*Exercise*:
Whenever a picture appears in the listing below, leave it out, and copy exactly the lines from the one containing "Dessert Grilled Cheese" through the end.

*Material provided*:
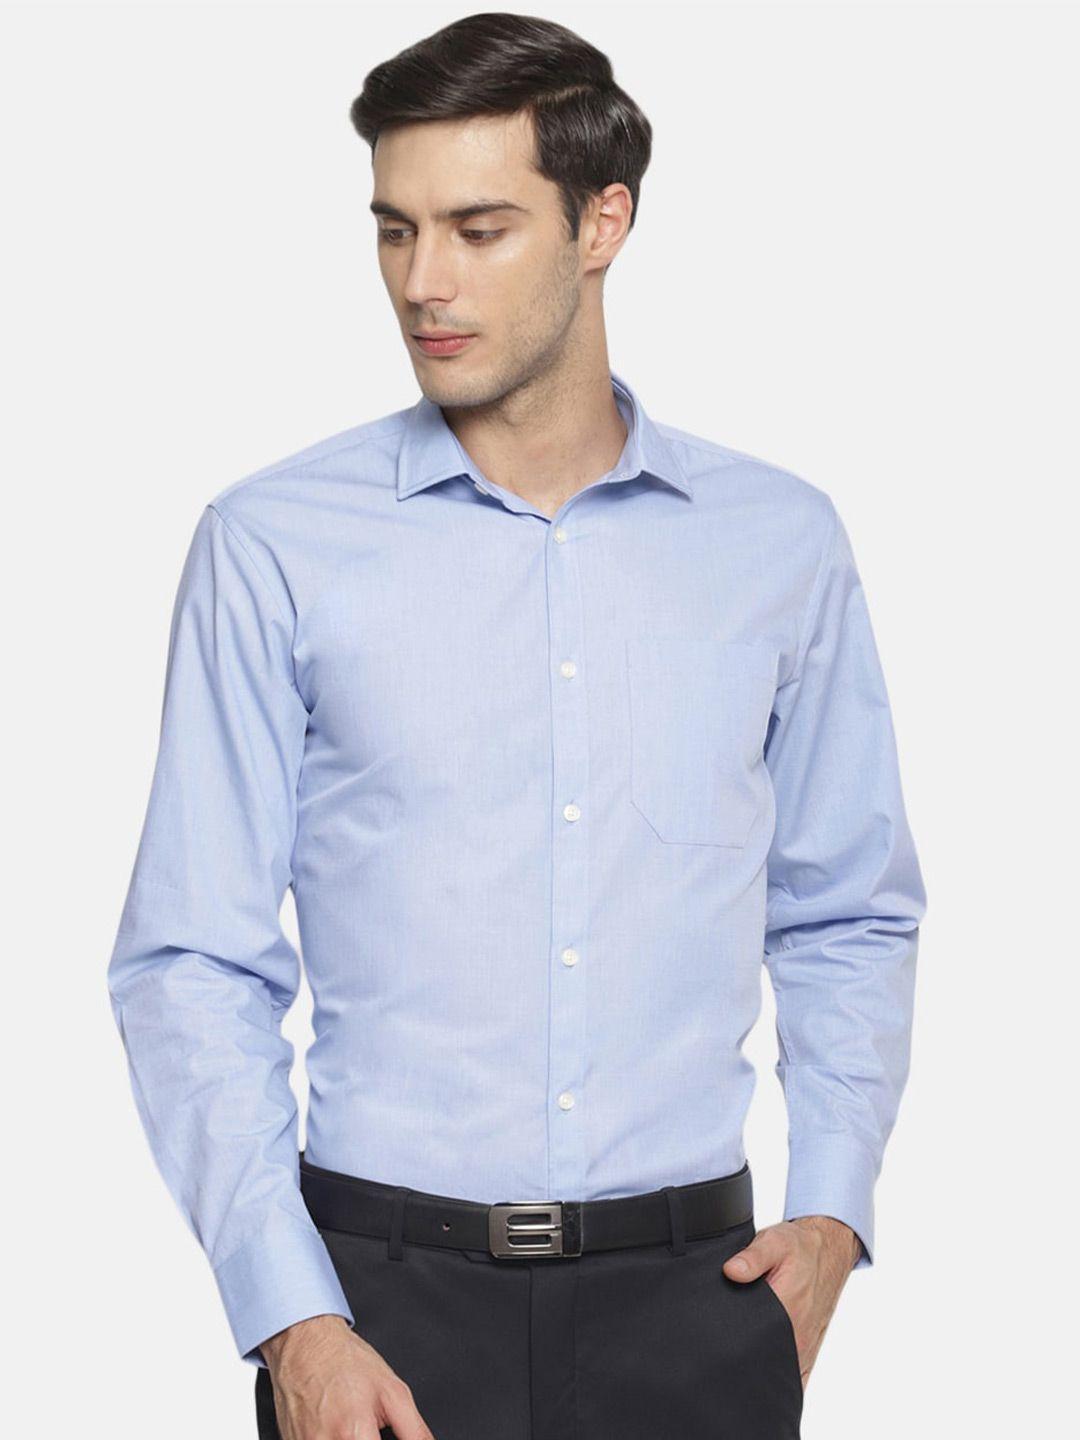 balista spread collar cotton formal shirt
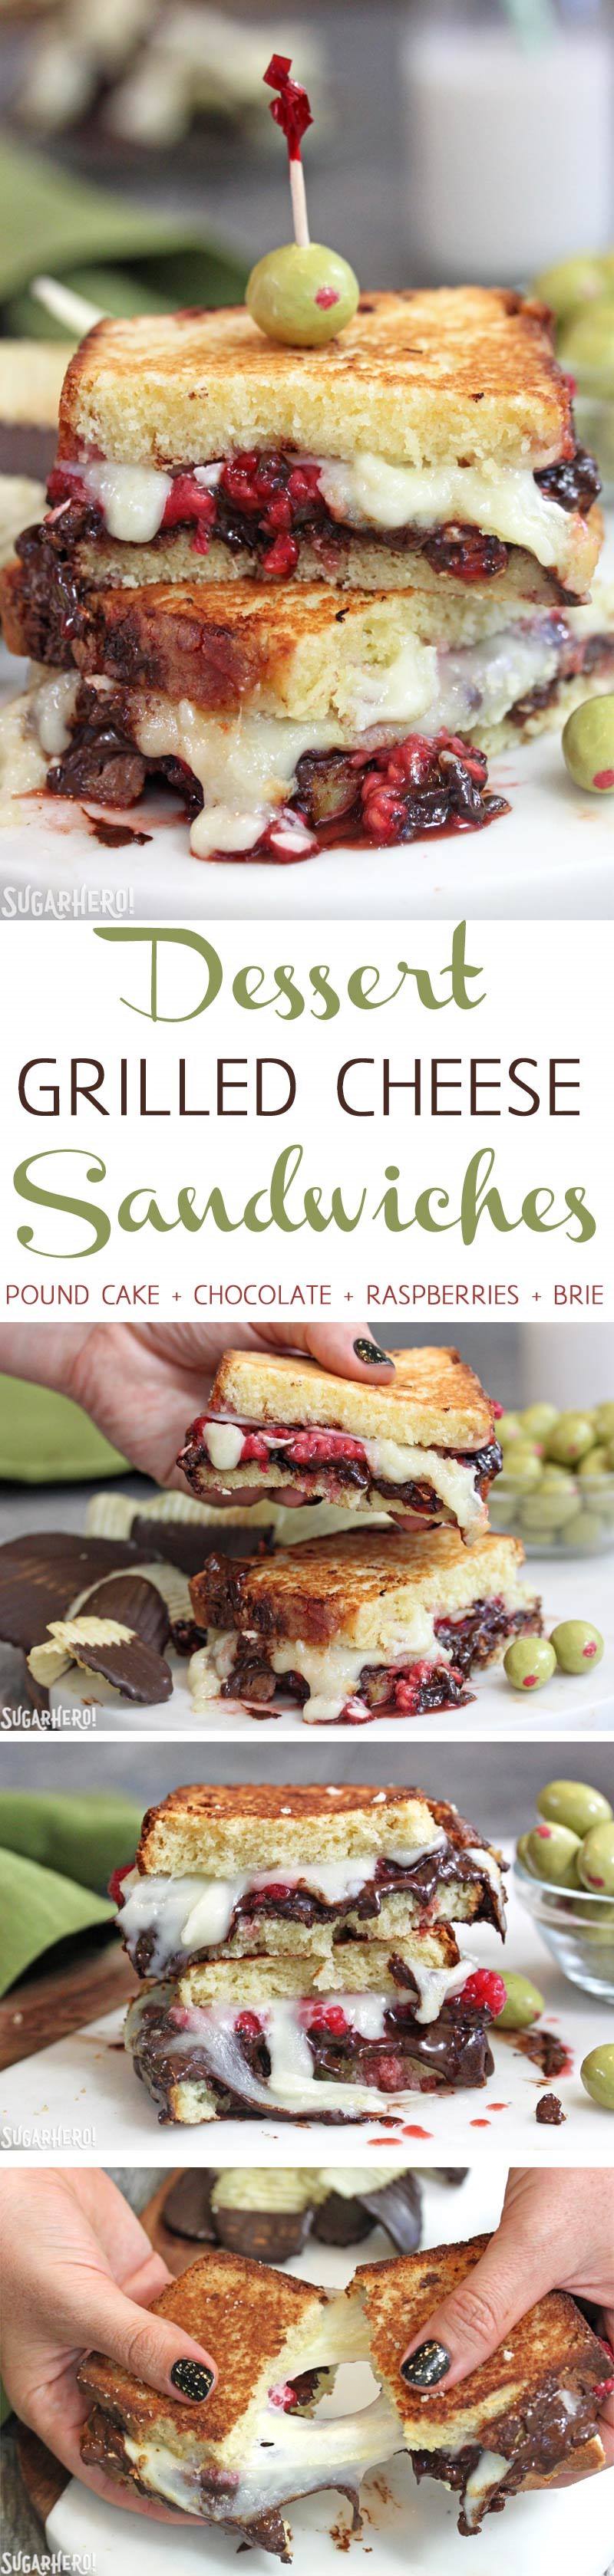 Dessert Grilled Cheese Sandwiches | From SugarHero.com
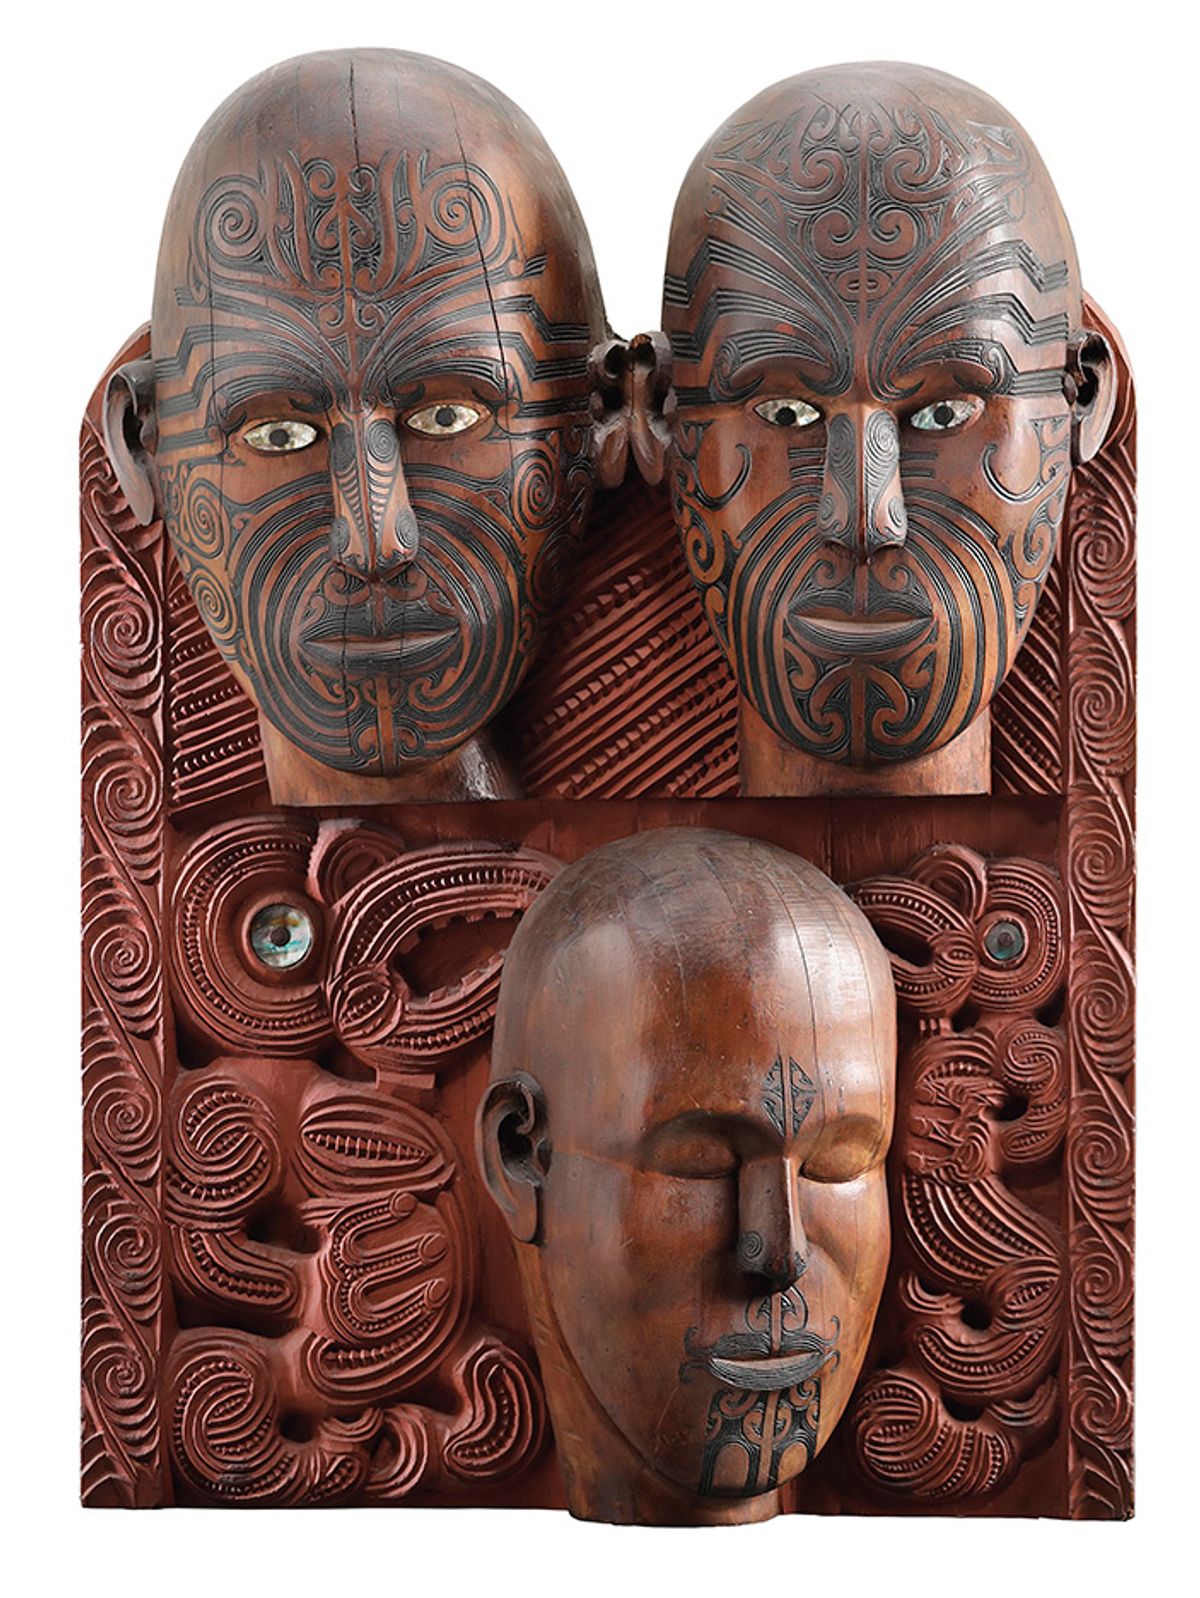 Courtesy of National Museum of New Zealand Te Papa Tongarewa

*Answer below*:
 Dessert Grilled Cheese Sandwiches | From SugarHero.com
 Courtesy of National Museum of New Zealand Te Papa Tongarewa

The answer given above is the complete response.